Bonjour à tous,
Pour un projet que je compte présenter aux
cours, j’expérimente DRBD et heartbeat pour approcher les bases de la
haute disponibilité.
Je suis un débutant sous Linux et encore plus sous Debian ( j'ai commencé avec
Ubuntu).
J’ai suivis plusieurs tutoriaux pour mettre en place DRBD et heartbeat.
DRBD ne pose pas de problèmes.
Par contre heartbeat, arg, ca parrait simple mais rien ne marche.
De plus je fais la configuration en style V1, donc c’est facilement lisible.
Lorceque je lance heartbeat via:
Hello everyone,
I try to experiment DRBD and
heartbeat.
I am a beginner in Linux.
I followed several tutorials to develop DRBD and heartbeat.
DRBD works perfectly.
Also I am setting V1 style, so it is easily readable.
When I start heartbeat via:
/etc/init.d/heartbeat restart
I get to folow message:
Stopping High-Availability services:
Done.
Waiting to allow resource takeover to complete:
Done.
Starting High-Availability services:
2010/05/31_22:12:33 INFO: Resource is stopped
Done.
And the ip alias is not created
My stucture look like this
LAN0 sur eth0: 192.168.0.0 /24 # Lan users + heartbeat
LAN1 sur eth1: 192.168.1.0 /30 # Lan DRBD: is working.
LAN2 sur eth2: 192.168.2.0 /28 # Lan apps servers: Not yet used.

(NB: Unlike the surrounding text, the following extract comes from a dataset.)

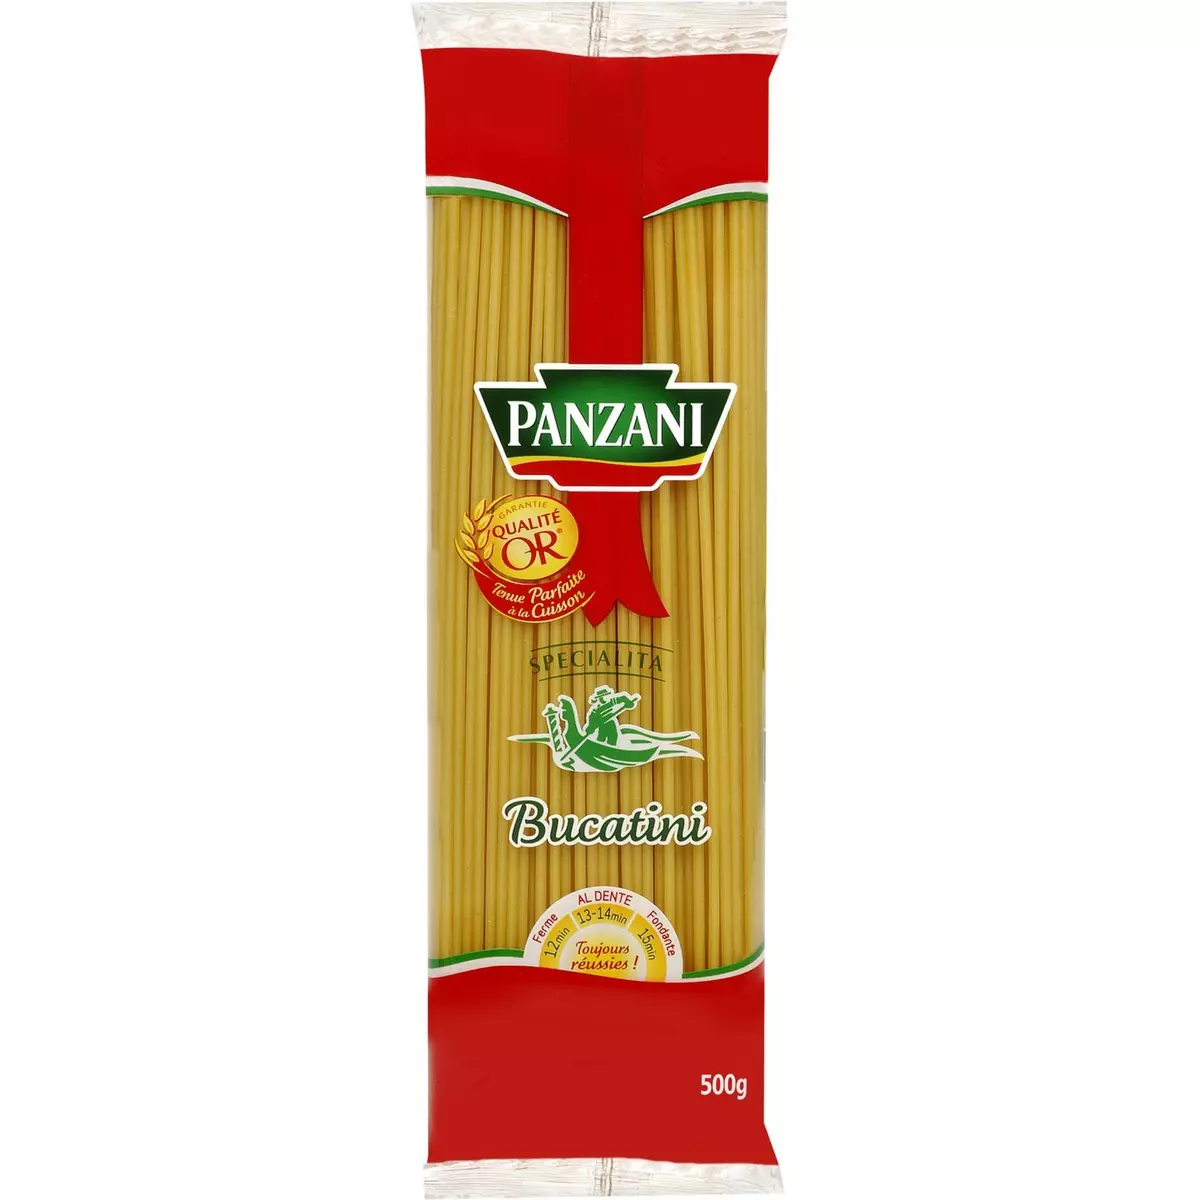 PANZANI Pâtes spécialité Bucatini 500g

Heartbeat have 2 node: frontal1 and frontal2
Frontal1| eth1------DRBD------eth1 | frontal2
------------ ------------
eth0 _____________________eth0
| |
|______________________ |
frontal1 eth0: 192.168.0.2
frontal2 eth0: 192.168.0.3
heartbeat ip alias eth0:0: 192.168.0.1
frontal1 eth1: 192.168.1.1
frontal2 eth2: 192.168.1.2
My sotware are Debian 5.0 Lenny and heartbeat 2.1.3-6lenny4
I folowed the folow guides without any succes
http://howtoforge.net/highly-available-nfs-server-using-drbd-and-heartbeat-on-debian-5.0-lenny
http://doc.ubuntu-fr.org/tutoriel/mirroring_sur_deux_serveurs
http://www.drbd.org/users-guide/ch-heartbeat.html
http://www.linux-ha.org/doc/
Here you have my logs, commands result
When I do a BasicSanityCheck (2) I see a problem with IPaddr
But when I launch manualy the script Ipaddr ou Ipaddr2 the ip alias is created
and avaliable on the network.
I looked on a few forum about the subject, and I don't find any solution on my
problem
Thanks for your help
(1) vim /etc/ha.d/ha.cf [/b]
Code:
autojoin none
mcast eth0 239.0.0.43 694 1 0
warntime 5
deadtime 5
initdead 15
keepalive 2
node frontal1
node frontal2
(2) sh /usr/share/heartbeat/BasicSanityCheck
Code:
RTNETLINK answers: Network is unreachable
Using interface: eth0
Should not run tests with heartbeat already running.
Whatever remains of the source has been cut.